Then, use re.search(regex_pattern, string_to_be_tested) to search for the pattern in the string to be tested. This will return a MatchObject which you can store to a temporary variable. You should then call it's group() method and pass 1 as an argument (to see the 'Group 1' we captured using parenthesis earlier). I should now look like:
>>> import re
>>> pat = r'.*?\[(.*)].*' #See Note at the bottom of the answer
>>> s = "foobar['infoNeededHere']ddd"
>>> match = re.search(pat, s)
>>> match.group(1)
"'infoNeededHere'"
An Alternative
You can also use findall() to find all the non-overlapping matches by modifying the regex to (?>=\[).+?(?=\]).
- (?<=\[): (?<=) is called a look-behind assertion and checks for an expression preceding the actual match.
- .+?: + is just like * except that it matches one or more repititions. It is made non-greedy by ?.

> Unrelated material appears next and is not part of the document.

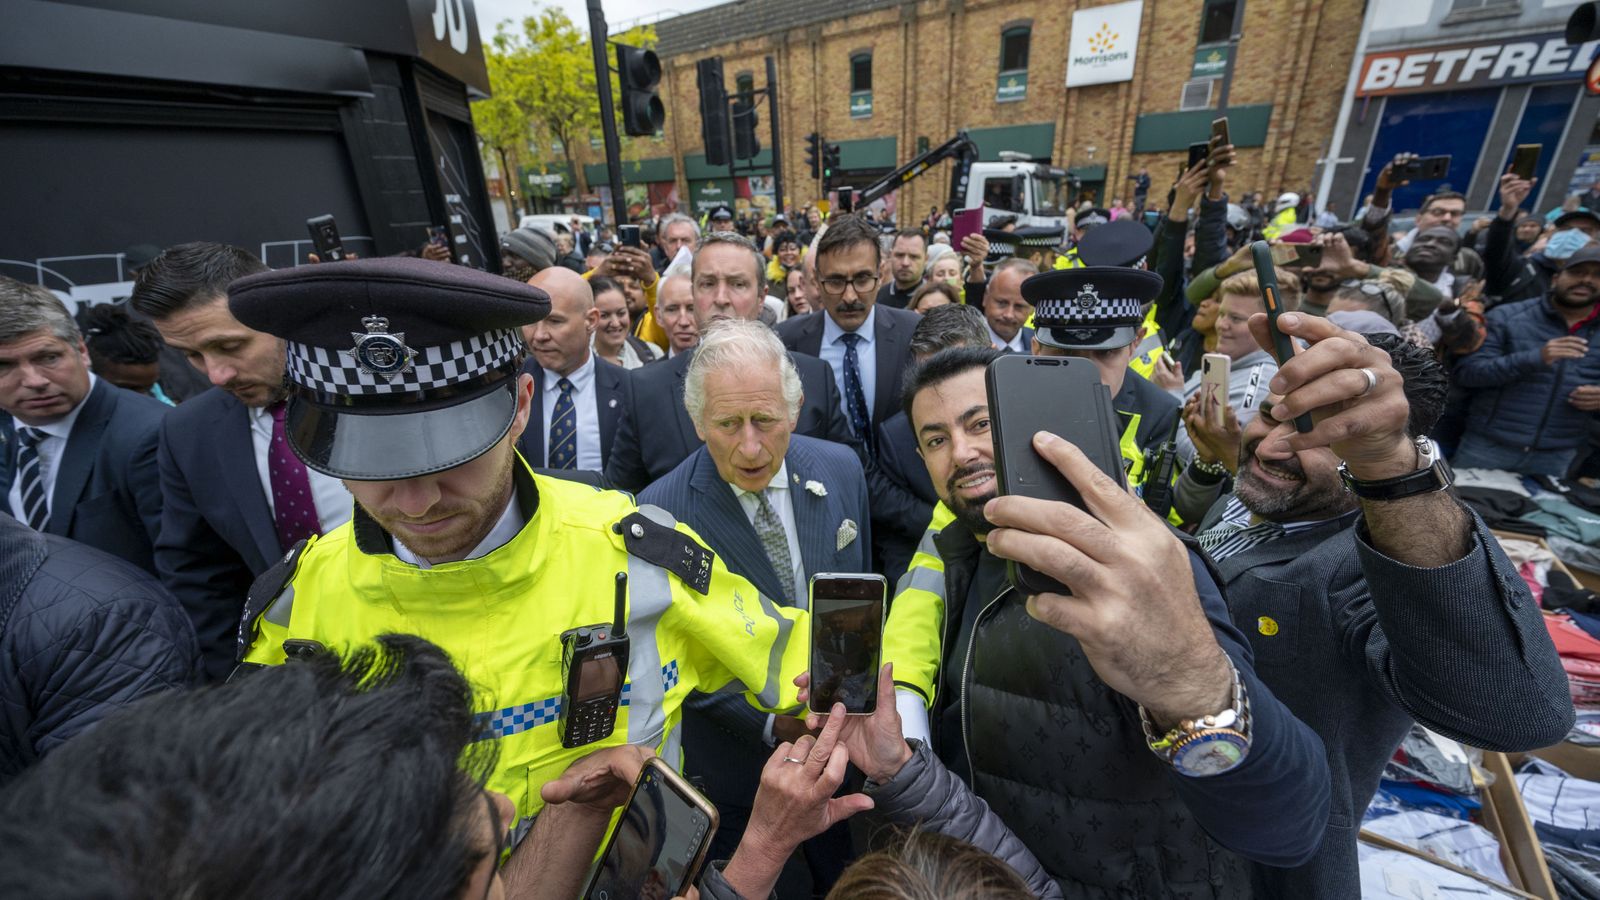 حشد في الشارع عندما يلتقي الأمير تشارلز بشباب حصلوا على وظائف من خلال جمعيته الخيرية |  أخبار المملكة المتحدة

- (?=\]): (?=) is a look-ahead assertion and checks for an expression following the match w/o capturing it.
Your code should now look like:
>>> import re
>>> pat = r'(?<=\[).+?(?=\])' #See Note at the bottom of the answer
>>> s = "foobar['infoNeededHere']ddd[andHere] [andOverHereToo[]"
>>> re.findall(pat, s)
["'infoNeededHere'", 'andHere', 'andOverHereToo[']

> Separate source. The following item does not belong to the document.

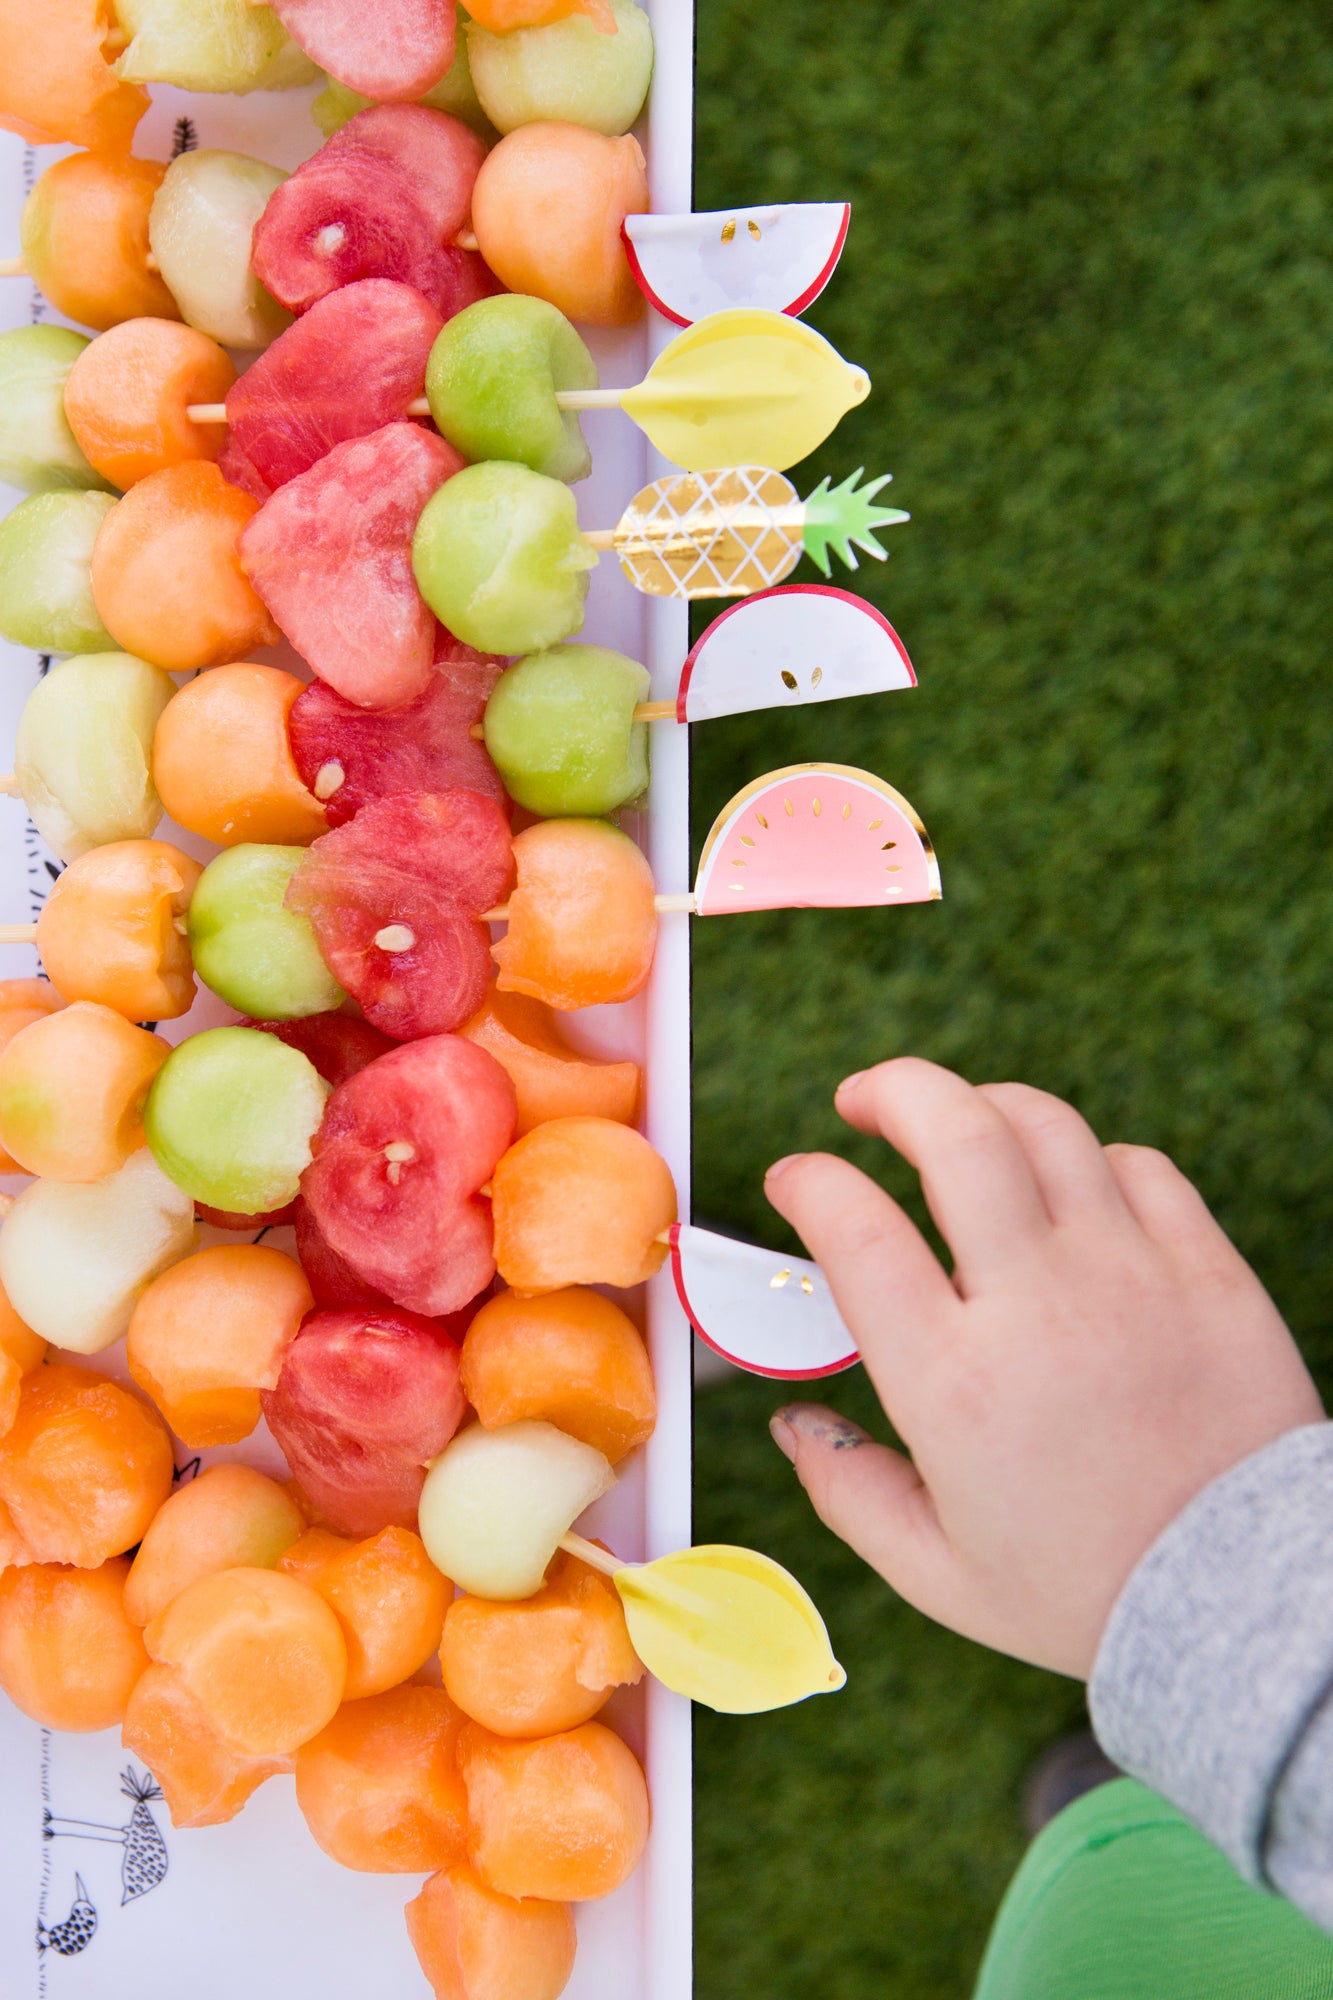 Rainbow party food ideas using fruit skewers.

Note: Always use raw Python strings by adding an 'r' before the string (E.g.: r'blah blah blah').
10x for reading! I wrote this answer when there were no accepted ones yet, but by the time I finished it, 2 ore came up and one got accepted. :( x<
^.*\['(.*)'\].*$ will match a line and capture what you want in a group.
You have to escape the [ and ] with \
The documentation at the rubular.com proof link will explain how the expression is formed.

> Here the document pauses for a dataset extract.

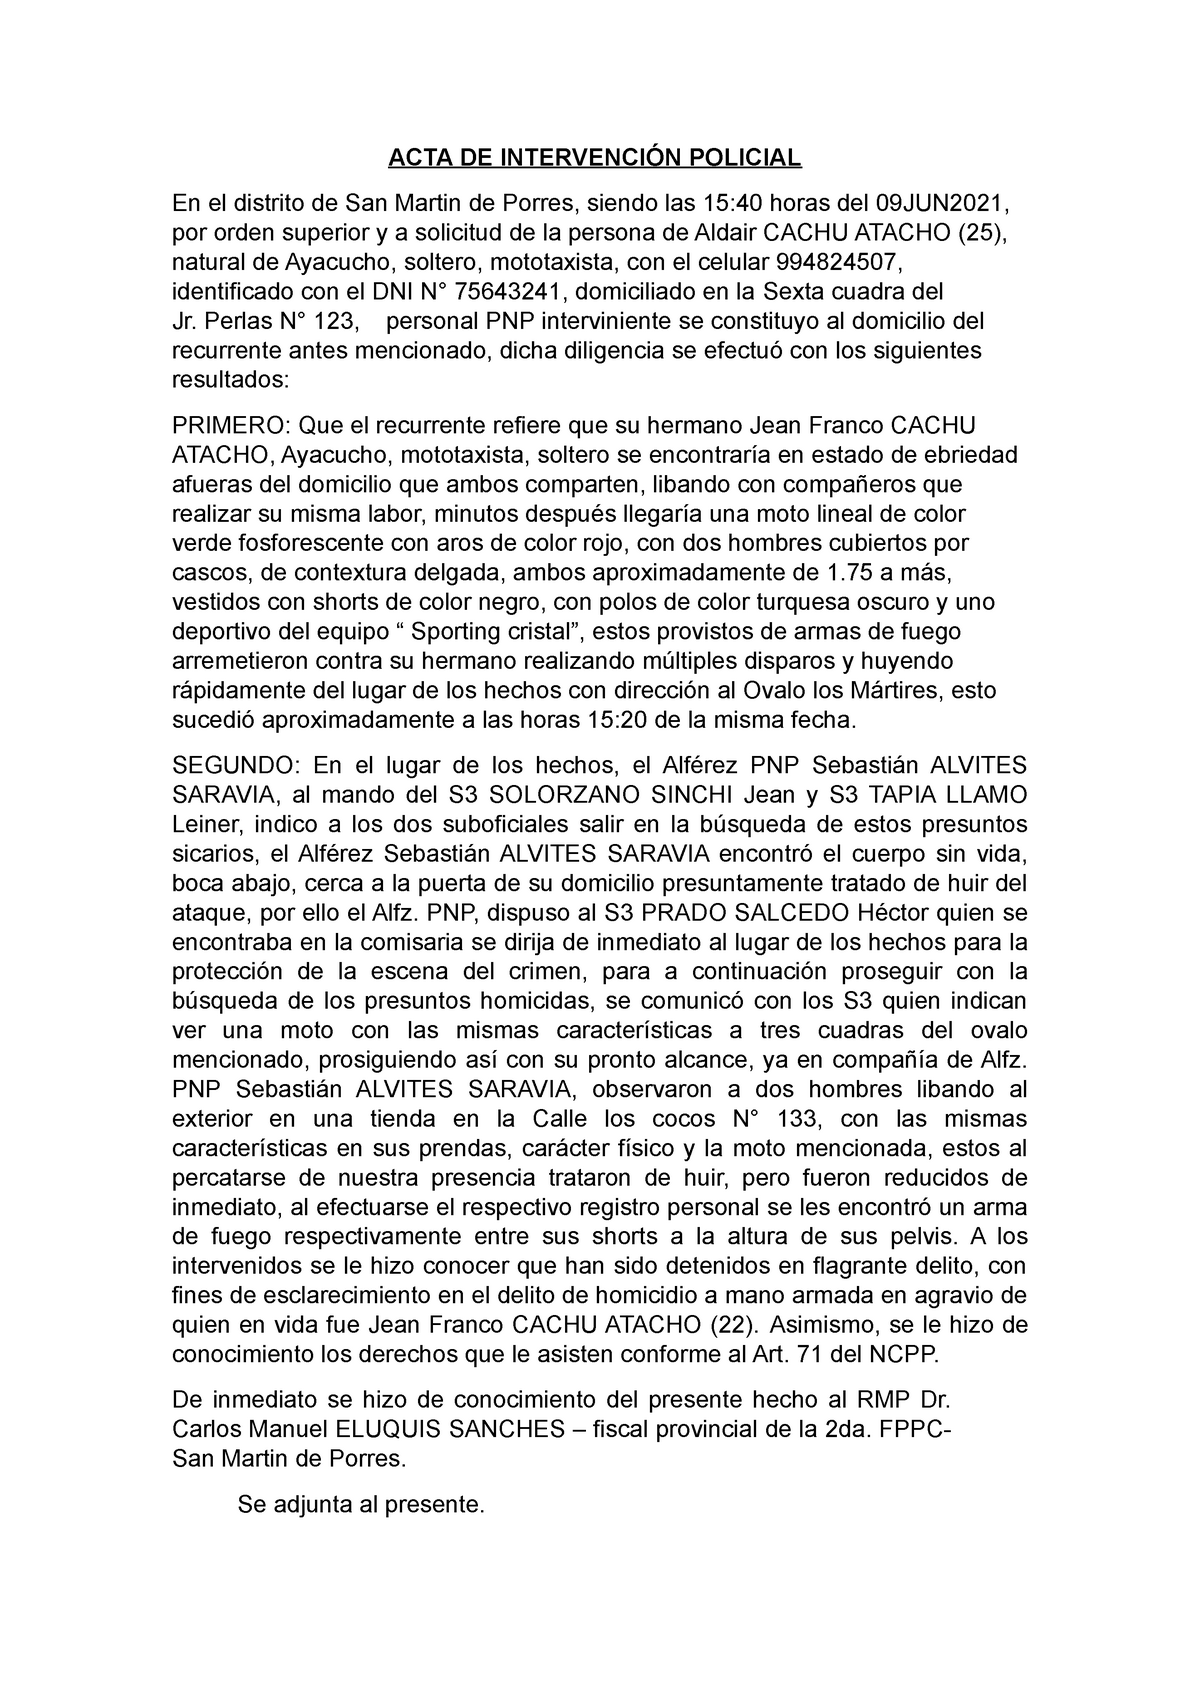 ACTA DE Intervencion Policial II - homicidio en flagrancia - ACTA DE  INTERVENCIÓN POLICIAL En el - Studocu

If there's only one of these [.....] tokens per line, then you don't need to use regular expressions at all:
In [7]: mystring = "Bacon, [eggs], and spam"
In [8]: mystring[ mystring.find("[")+1 : mystring.find("]") ]
Out[8]: 'eggs'
If there's more than one of these per line, then you'll need to modify Jarrod's regex ^.*\['(.*)'\].*$ to match multiple times per line, and to be non greedy. (Use the .*? quantifier instead of the .* quantifier.)
In [15]: mystring = "[Bacon], [eggs], and [spam]."
In [16]: re.findall(r"\[(.*?)\]",mystring)
Out[16]: ['Bacon', 'eggs', 'spam']